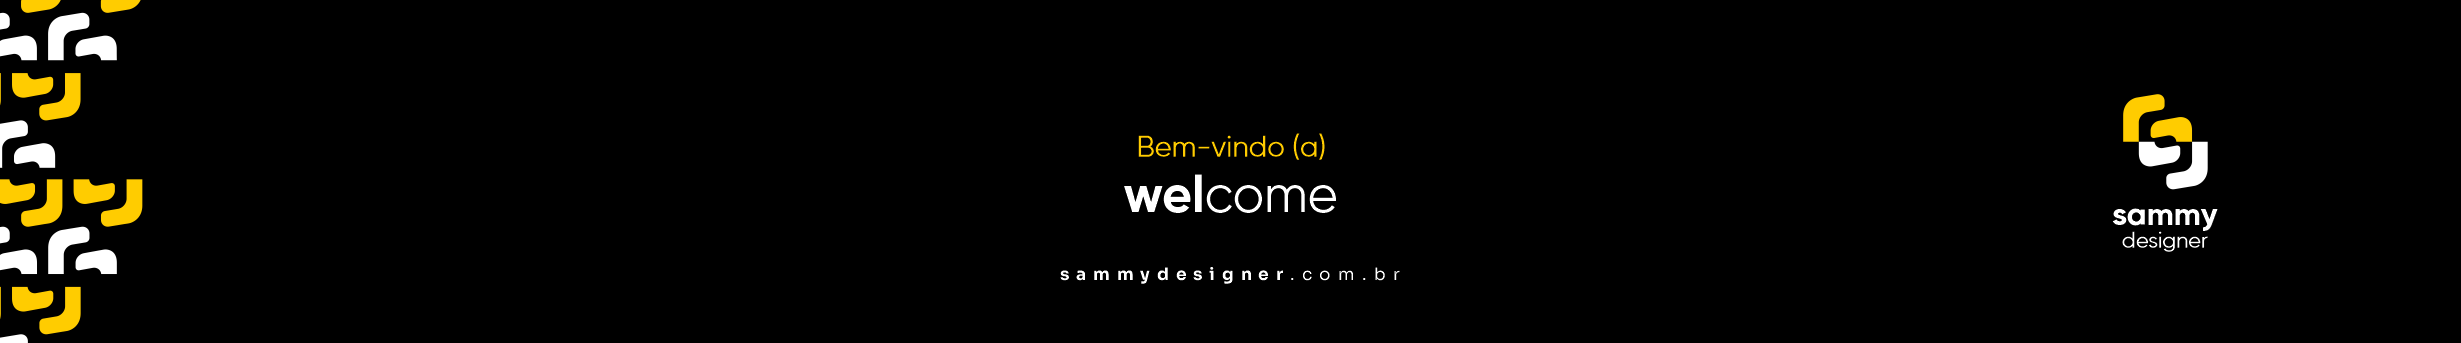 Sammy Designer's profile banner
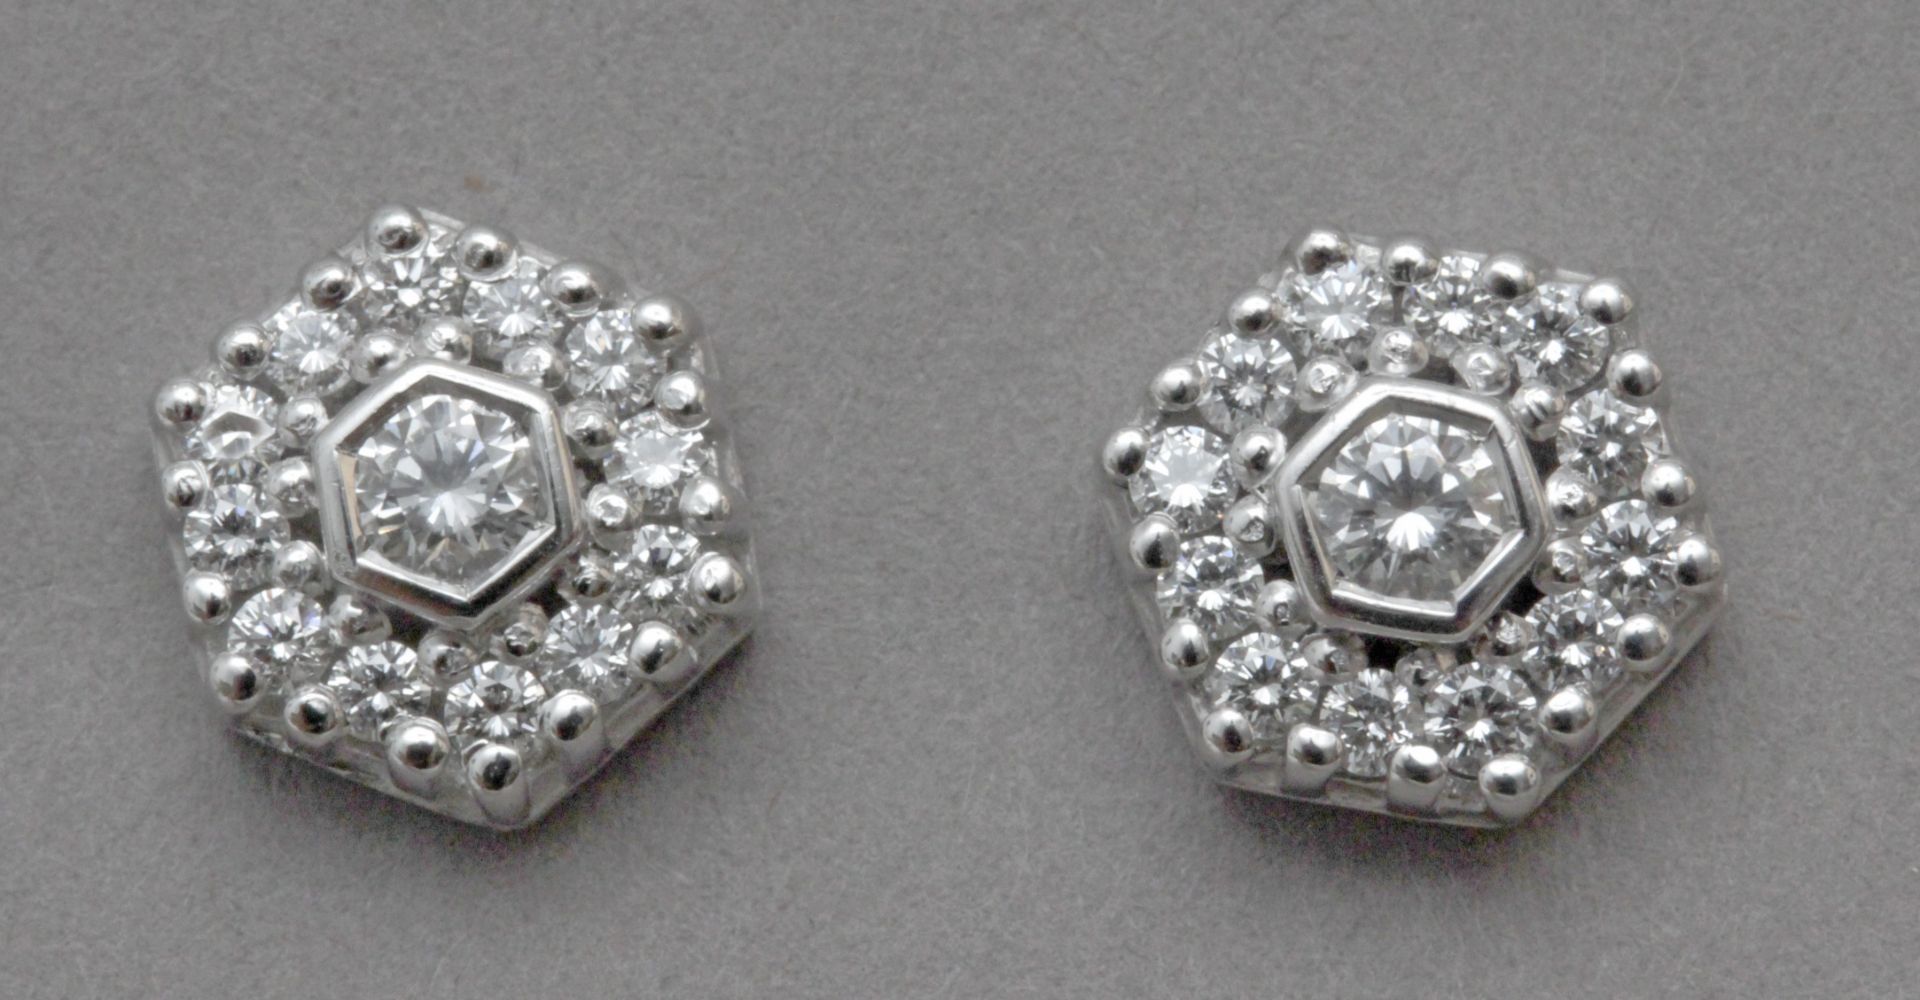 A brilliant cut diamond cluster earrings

□ □ □ □

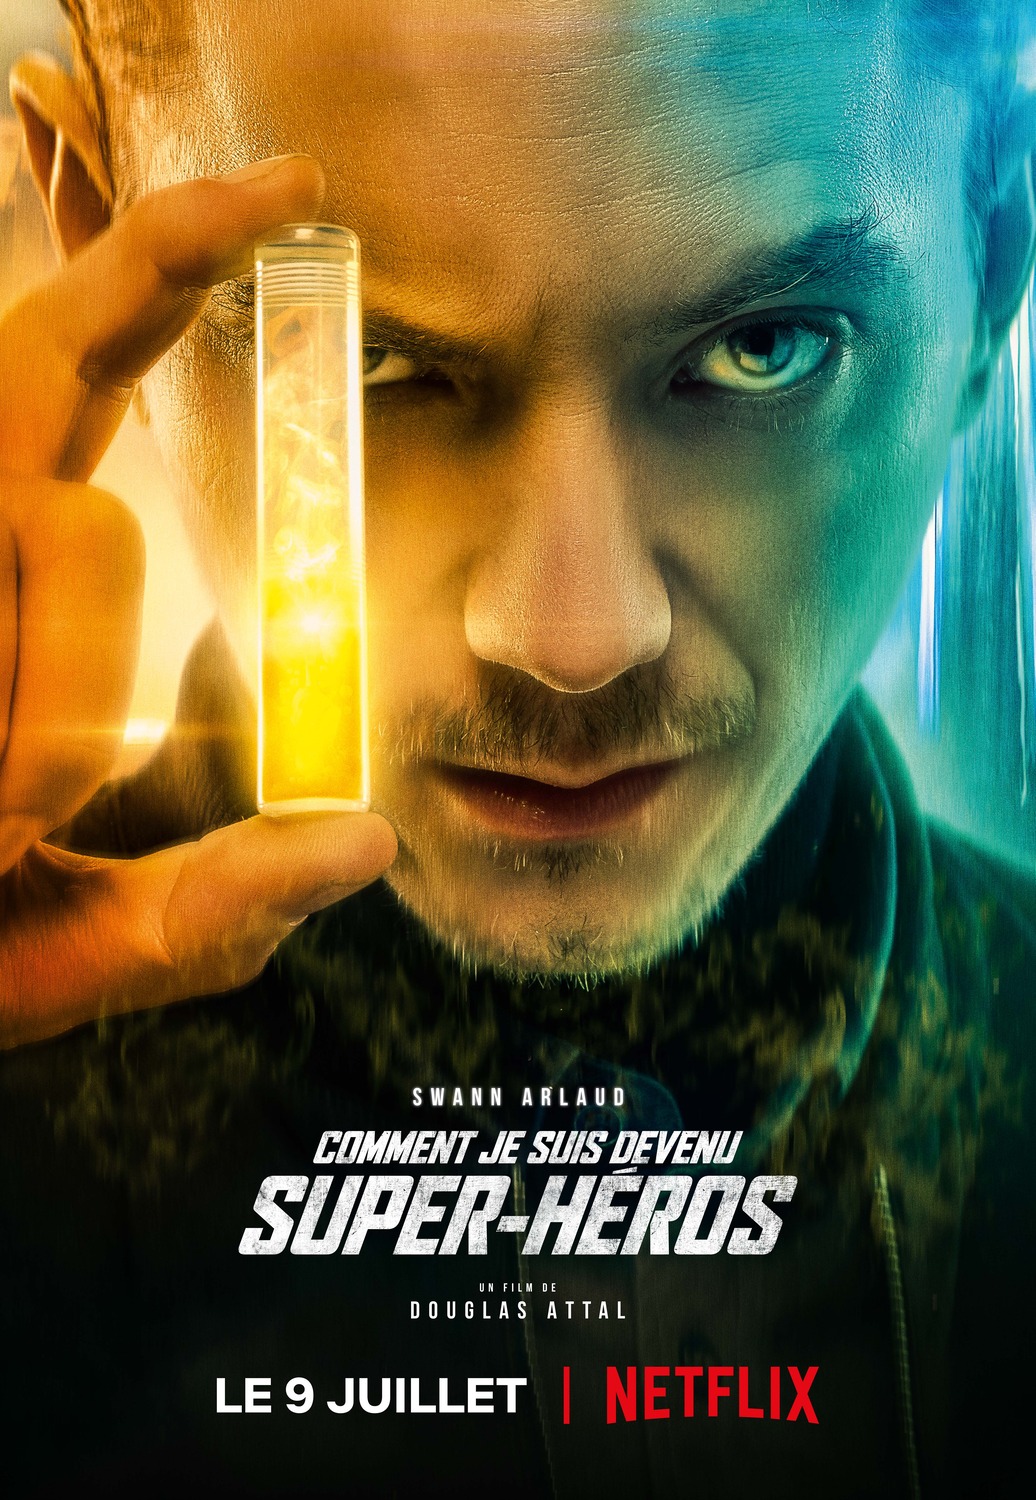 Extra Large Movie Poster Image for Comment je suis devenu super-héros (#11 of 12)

□ □ □ □

Exercise description. Write out exactly the run of lines above that starts at the line containing "Sammy Designer's profile banner" and ends at the line containing "A brilliant cut diamond cluster earrings". Include both, and leave the pictures out.

Solution to this task.
 Sammy Designer's profile banner
 A brilliant cut diamond cluster earrings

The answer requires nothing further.